- General manager: Paul Brown
- Head coach: Forrest Gregg
- Offensive coordinator: Lindy Infante
- Defensive coordinator: Hank Bullough
- Home stadium: Riverfront Stadium

Results
- Record: 7–2
- Division place: 3rd AFC (1st AFC Central)
- Playoffs: Lost Wild Card Playoffs (vs. Jets) 17–44

= 1982 Cincinnati Bengals season =

NFL team season

The 1982 Cincinnati Bengals season was the team's 13th season in the National Football League, their 15th overall and their third under head coach Forrest Gregg. It was the first year in which the Bengals made the playoffs for a second-consecutive season, and they would not do so again until 2012.

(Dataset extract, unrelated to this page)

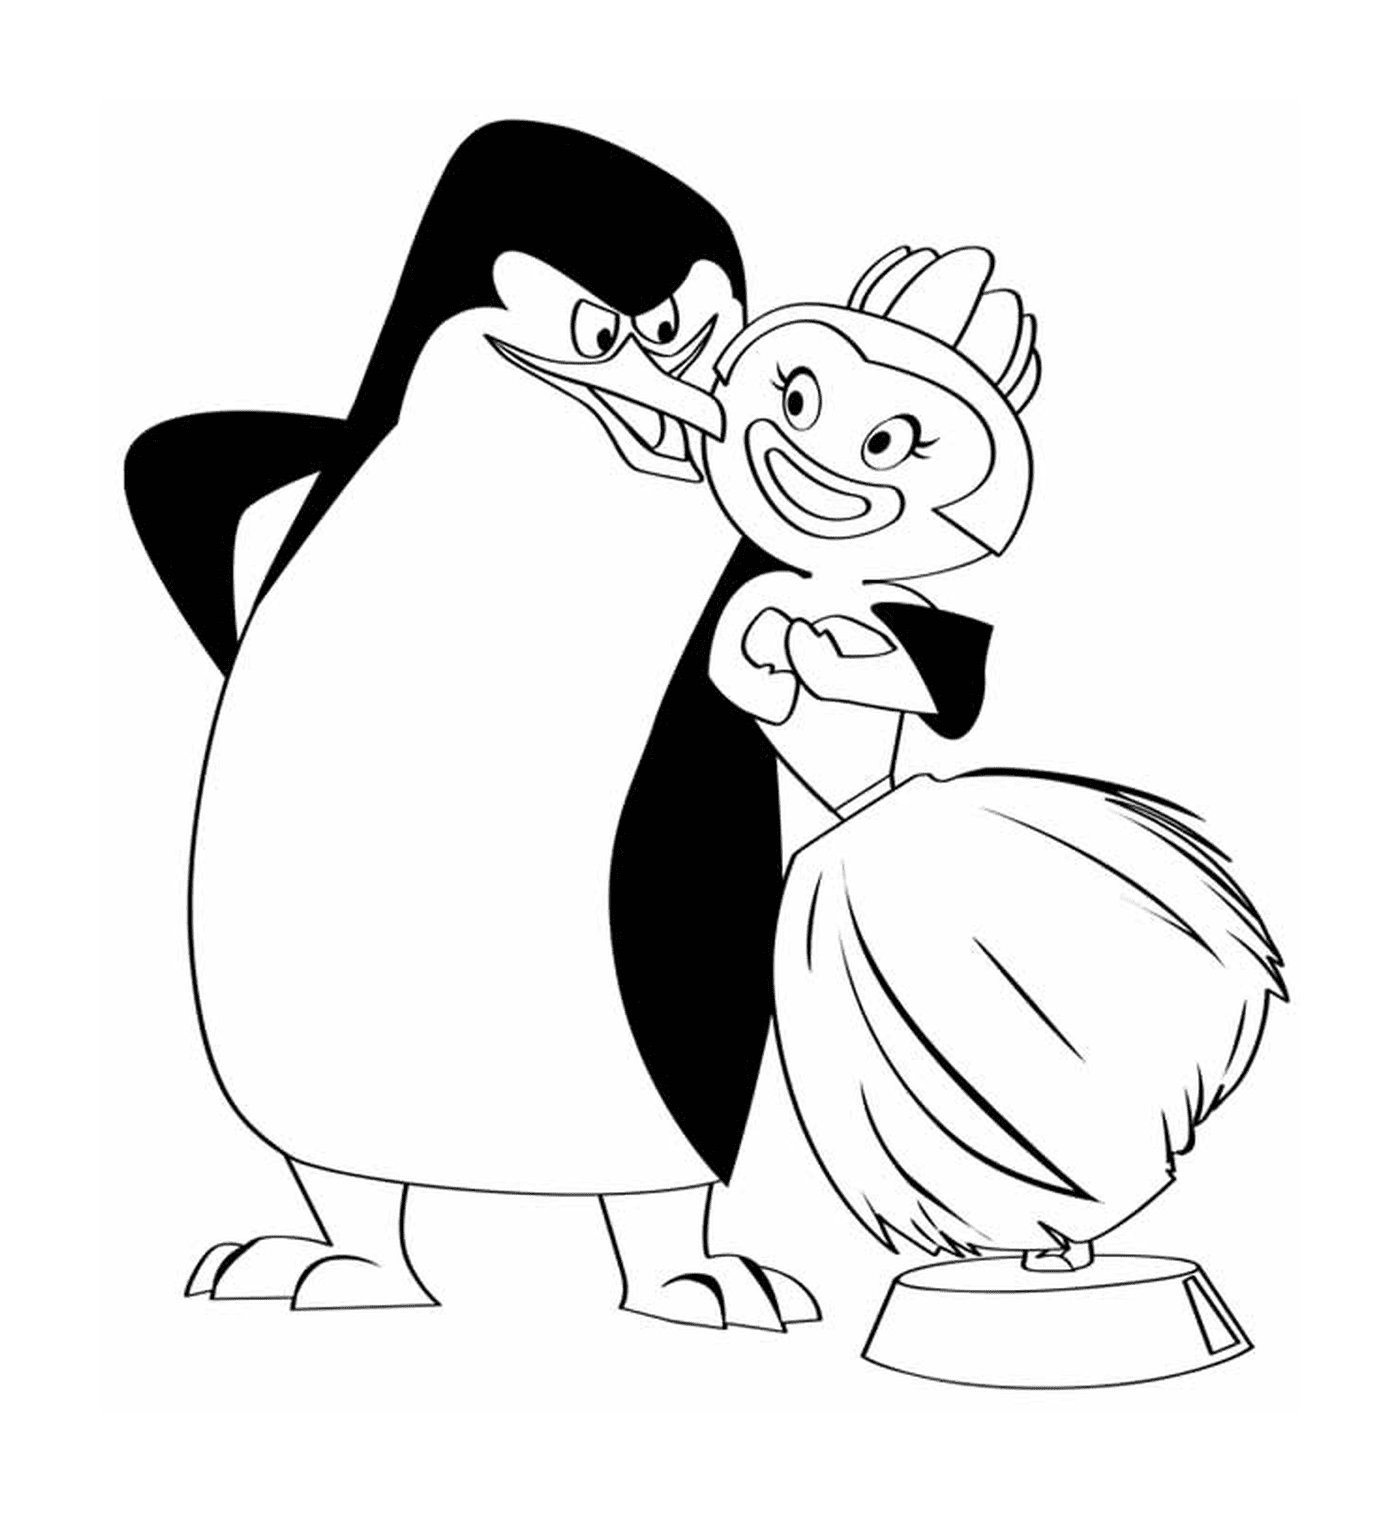  Pinguini Madagascar disegno

The Bengals posted a 7–2 record in a strike-shortened season to earn a postseason berth but lost to the Jets in the first round of the playoffs, 44–17. This was the only playoff loss by the Bengals at Riverfront Stadium. Ken Anderson led the AFC in passing for the fourth time as the Bengals boasted the second-best offense in the NFL. Perhaps the best moment of the season for the Bengals was defeating the Raiders 31–17. The loss by the Raiders was their only loss of the season. The Bengals went 4–0 at home in 1982.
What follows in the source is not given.